(Exercise details)
Return the full listing character for character, without its pictures.

(Given data)
* * * * *

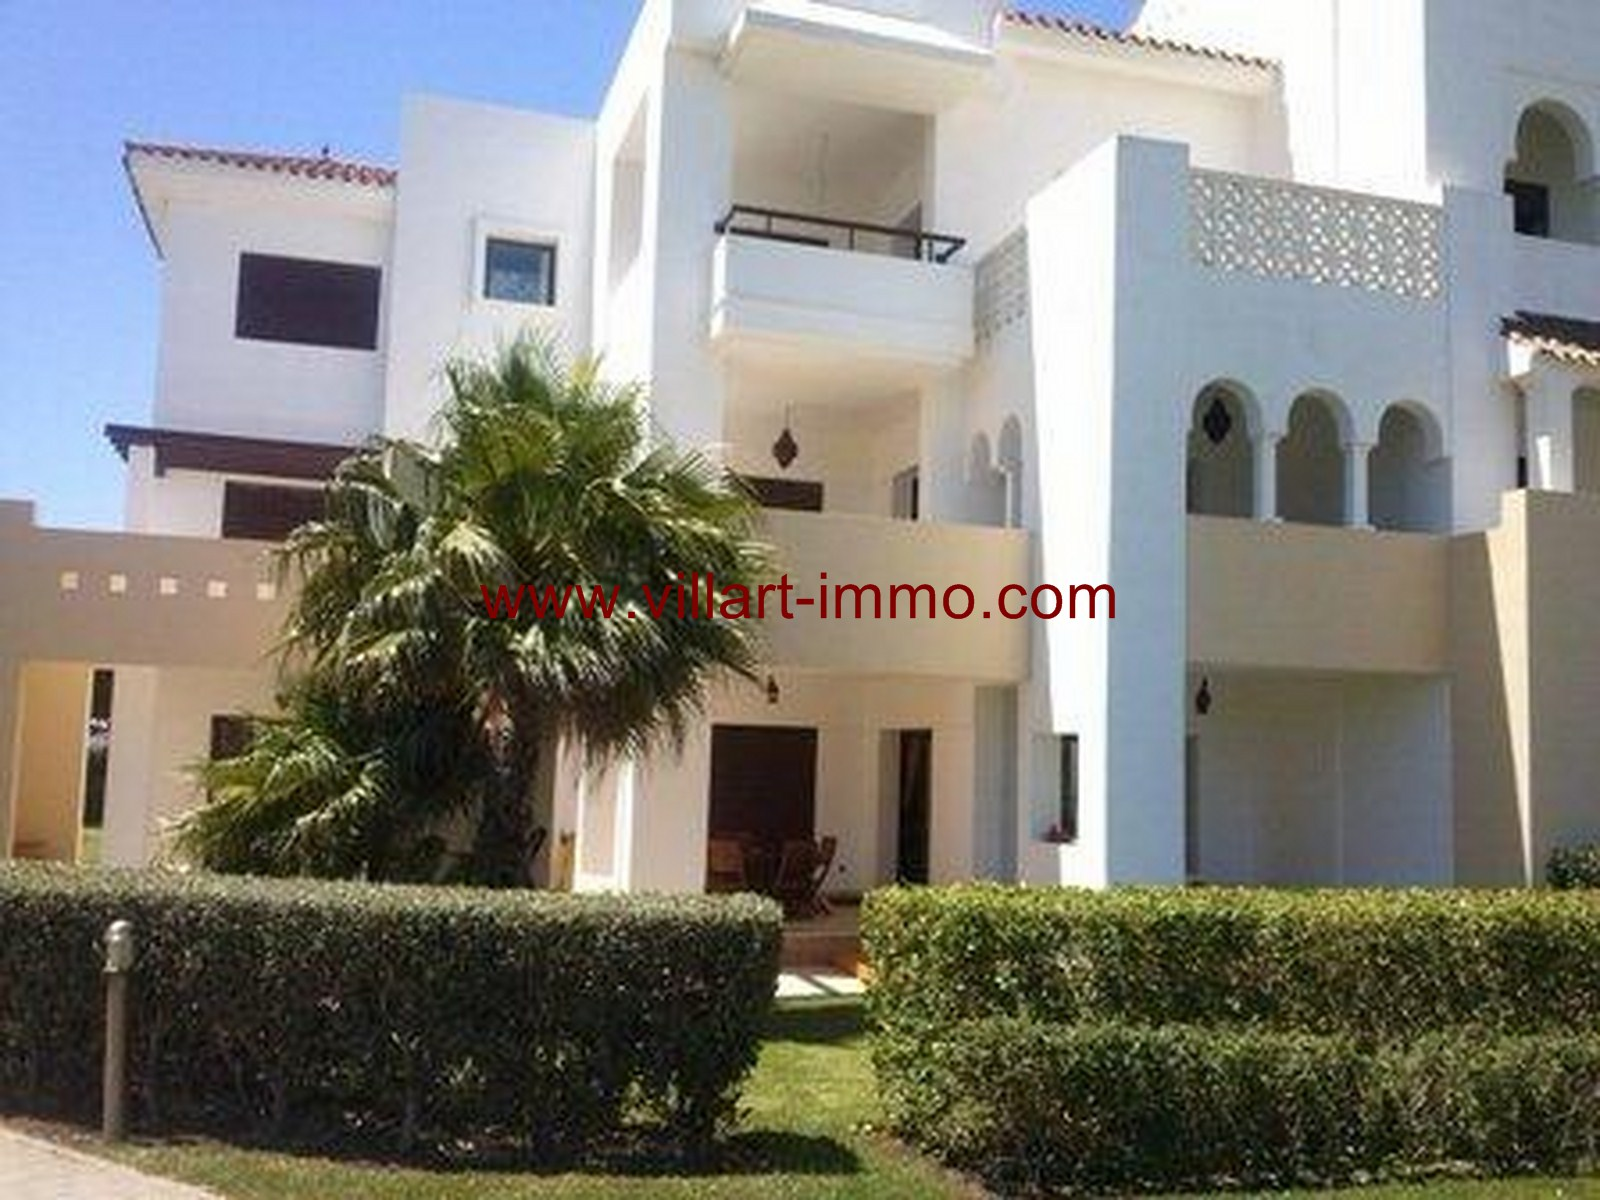 1-vente-appartement-tanger-achakar-facade-va388-villart-immo
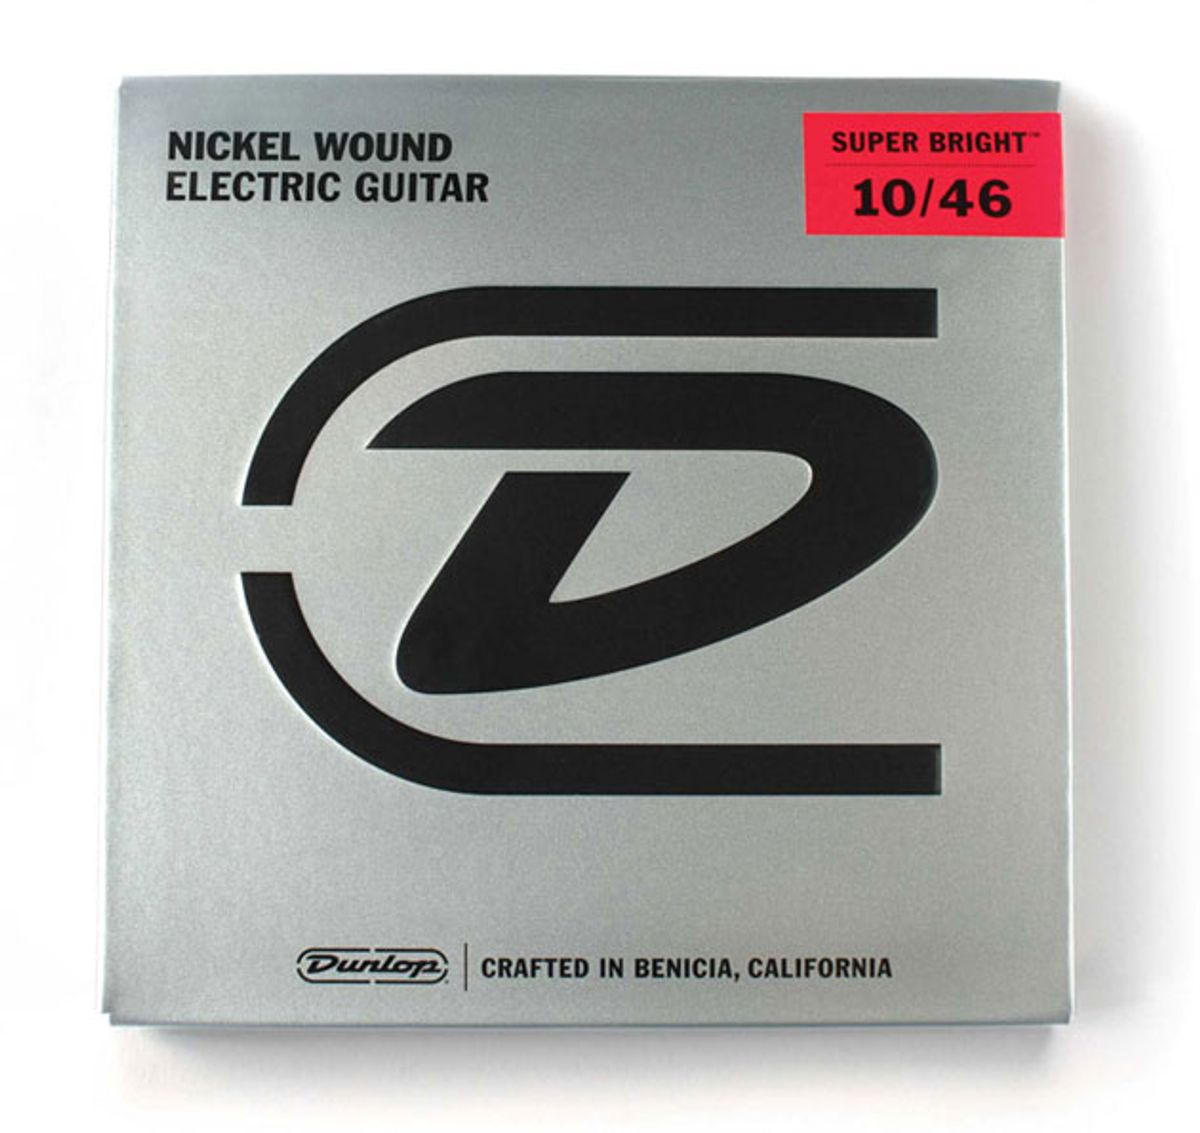 Dunlop Announces Super Bright Guitar Strings
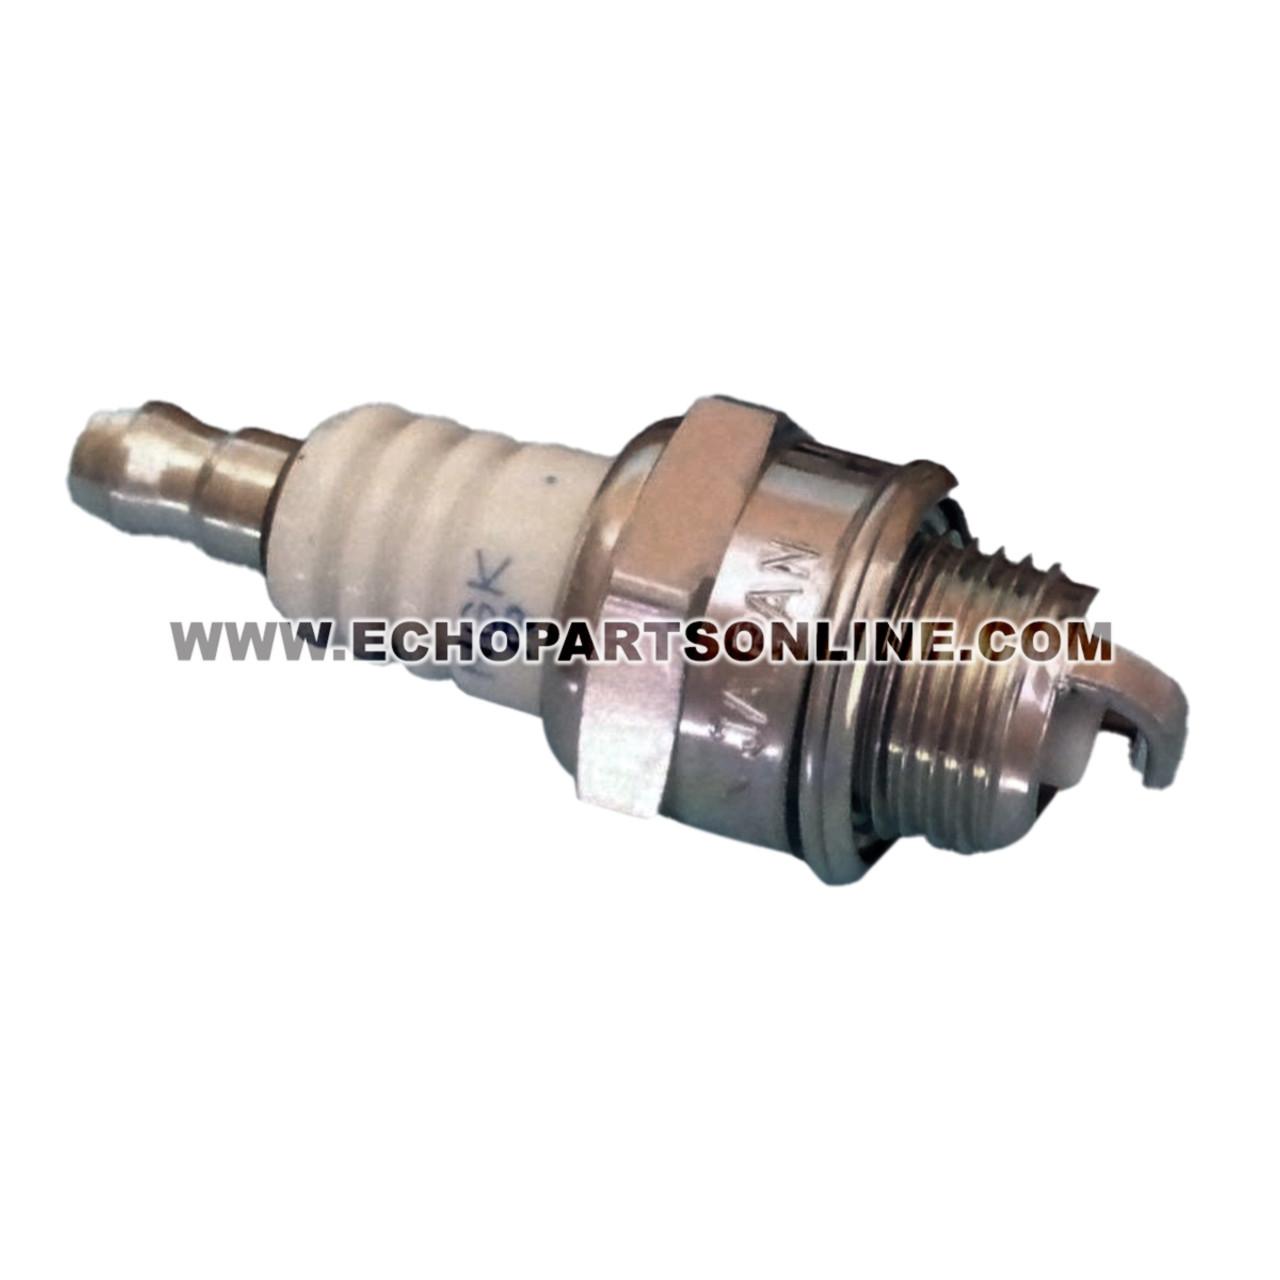 Echo GT 2000 Spark Plug 15901010230 OEM

* * * * *

(Your solution)
 1-vente-appartement-tanger-achakar-facade-va388-villart-immo
 Dunlop Announces Super Bright Guitar Strings
 Echo GT 2000 Spark Plug 15901010230 OEM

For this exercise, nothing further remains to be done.